What the cartoon junkyard
artist did not bother-with, was the 'off-springs' of these huge pulsating
"Theta and Entheta" of this new-world fired-up by worldly
consumerism, need and insatiable hunger, quest, fashion, competitiveness and
famished want.
The off-springs of these
'iron men' and 'iron women' of the unending industrial revolutions, wars and
growths - are the metaphorical ‘Gulliver’ inch-man 'gnomes' - who climb all
over the tired sleepy Swartz… Western 'ironman of capitalism' of the modern
day.
The invincible industrial Inch-men
Gnomes roped an incredible network - in perpetual process of product output;
replications, copycat-ism, jinx-craftsmanship, counterfeits, fake-ism and sub-standardization
of all types of goods... like tiny colony-ants, they flood the world’s busiest
ports with uncontrollable surge of millions upon millions of container tonnage...
most noticeably always targeting Eastern African Countries [being conveniently
just across the Indian Ocean] where currently governments are evidently overwhelmed!

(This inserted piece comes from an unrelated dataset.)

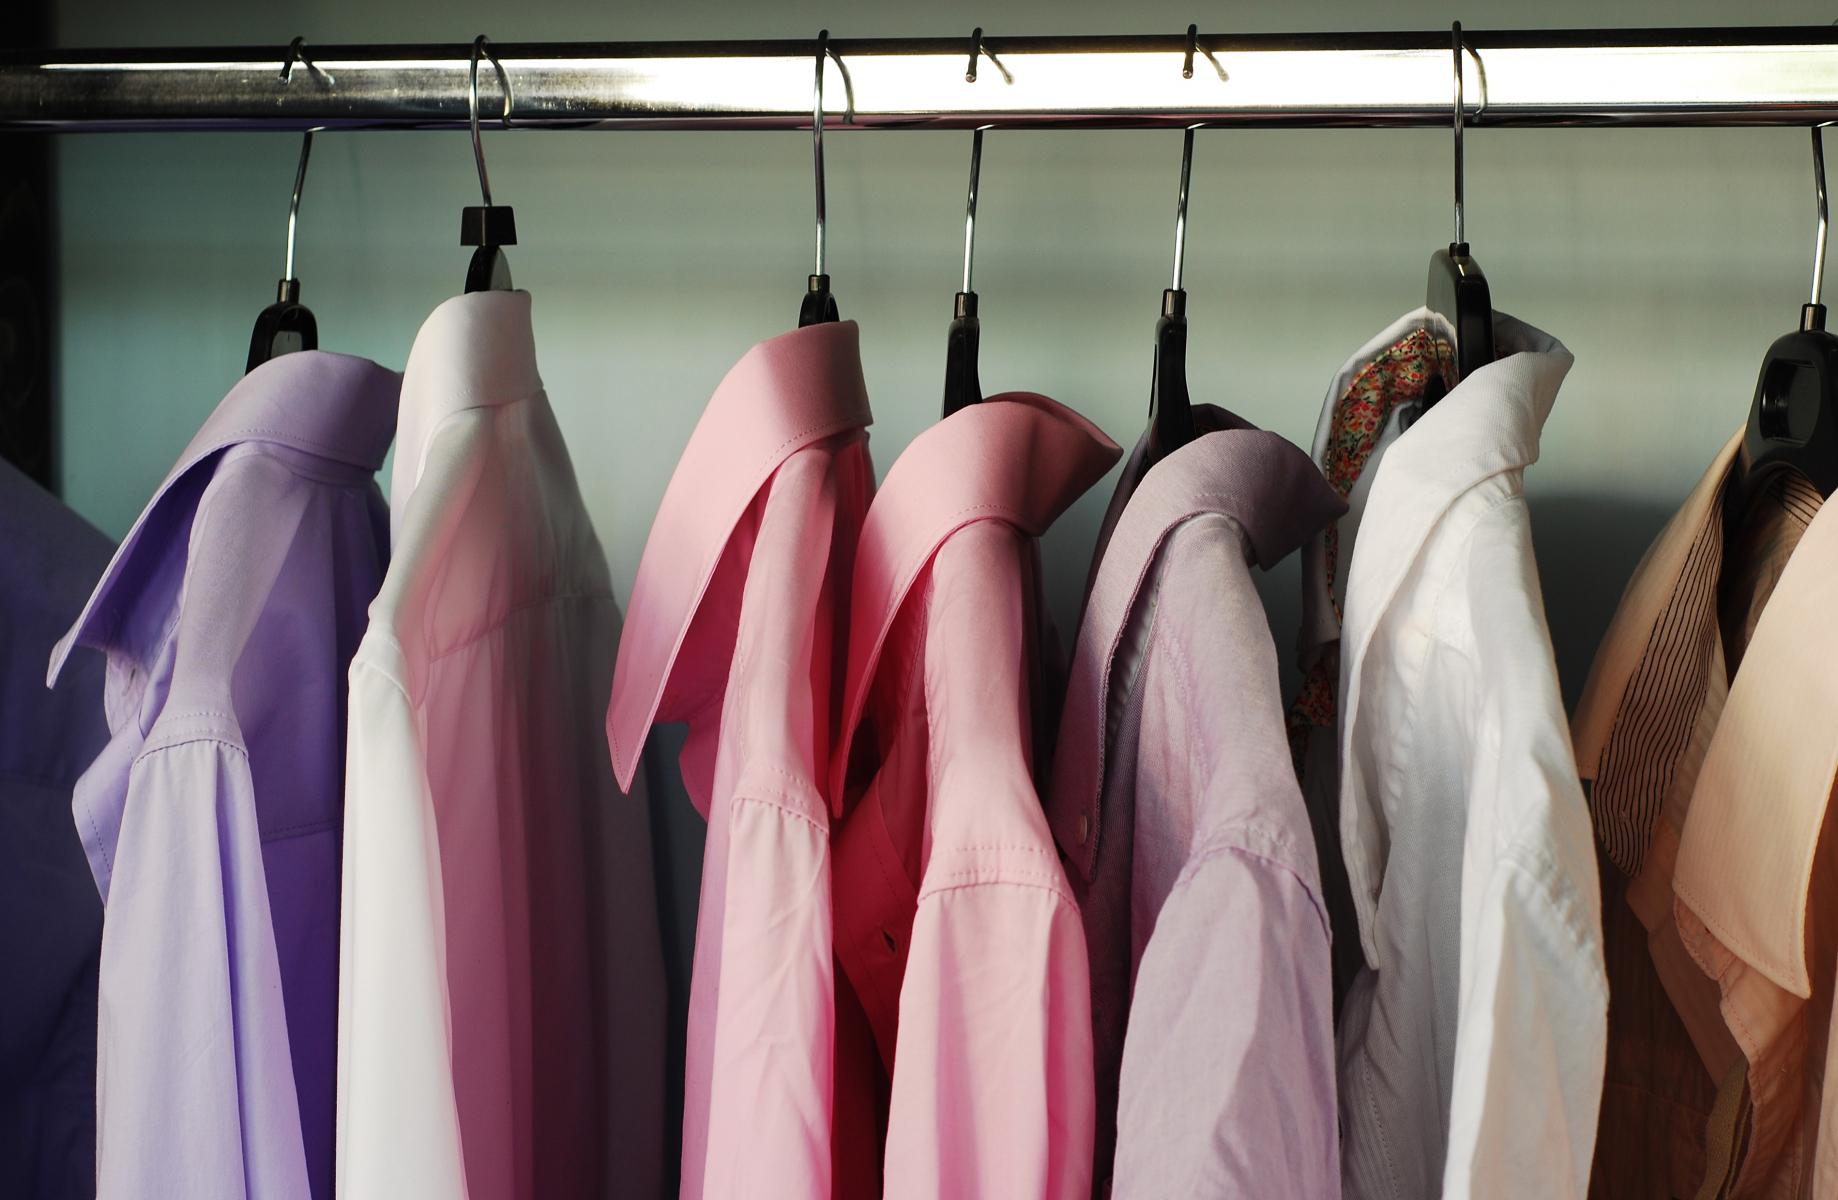 Finansiera en ny garderob

There is already a revolution in ship-building abroad; designers of cargo
liners are phasing in new mammoth size ships; ports are threatened with impossible
complex congestions; warehousemen are fighting for huge chunks of land for
miles and miles of Go downs.
In Uganda, government is
moved into [a not so clear state of] consumer protection. And protectionism is
a new phenomenon - by and large on average a little less than ten years in
practice in the EAC - the protection Schemas could appropriately be defined as
embryo in East Africa…
Couple of years ago several
Vehicles were tracked-down and impounded in Kampala and other parts of the East
African Region - purportedly as having been stolen from Japan – today Monday,
July 22nd, 2013 one of Uganda’s leading daily has a funny front
page; …something about ‘58 vehicles impounded by the Police’ – as having been ‘stolen
from London’. At the Uganda Media Centre recently, I personally asked the Hon
Minister Amelia Kyambadde about the [stolen Japan Cars impounding incident] –
she quibbled; “that happened at a time we had temporarily suspended PVoC scheme
for evaluation purposes”.
"Pre-Export
Verification of Conformity to Standards" – PVoC
PVoC - founded under the ‘UNBS
Act’ and regulated by the Ministry of Trade, Industry & Cooperatives collaborating
with UNBS bureaucracy - had a number of false-starts and on and offs –
including the time the “Ministry suspended this program in order to further
review its status on 19th June 2013” as explained by Hon Amelia Kyambadde,
Minister - in a Press briefing on resumption of the scheme recently – factor
triggered by the vast need to get closer to the consumers via the press and
[newly formed committee; UNBS, KACITA,UNCCI, MTIC, and PSFU] and generate ideas
for defining PVoC functions - which seem to perennially hang in an unclear haze
of conflicting desire to work in contract with foreign Inspection and
Verification Companies or perhaps work independently [and on the home ground]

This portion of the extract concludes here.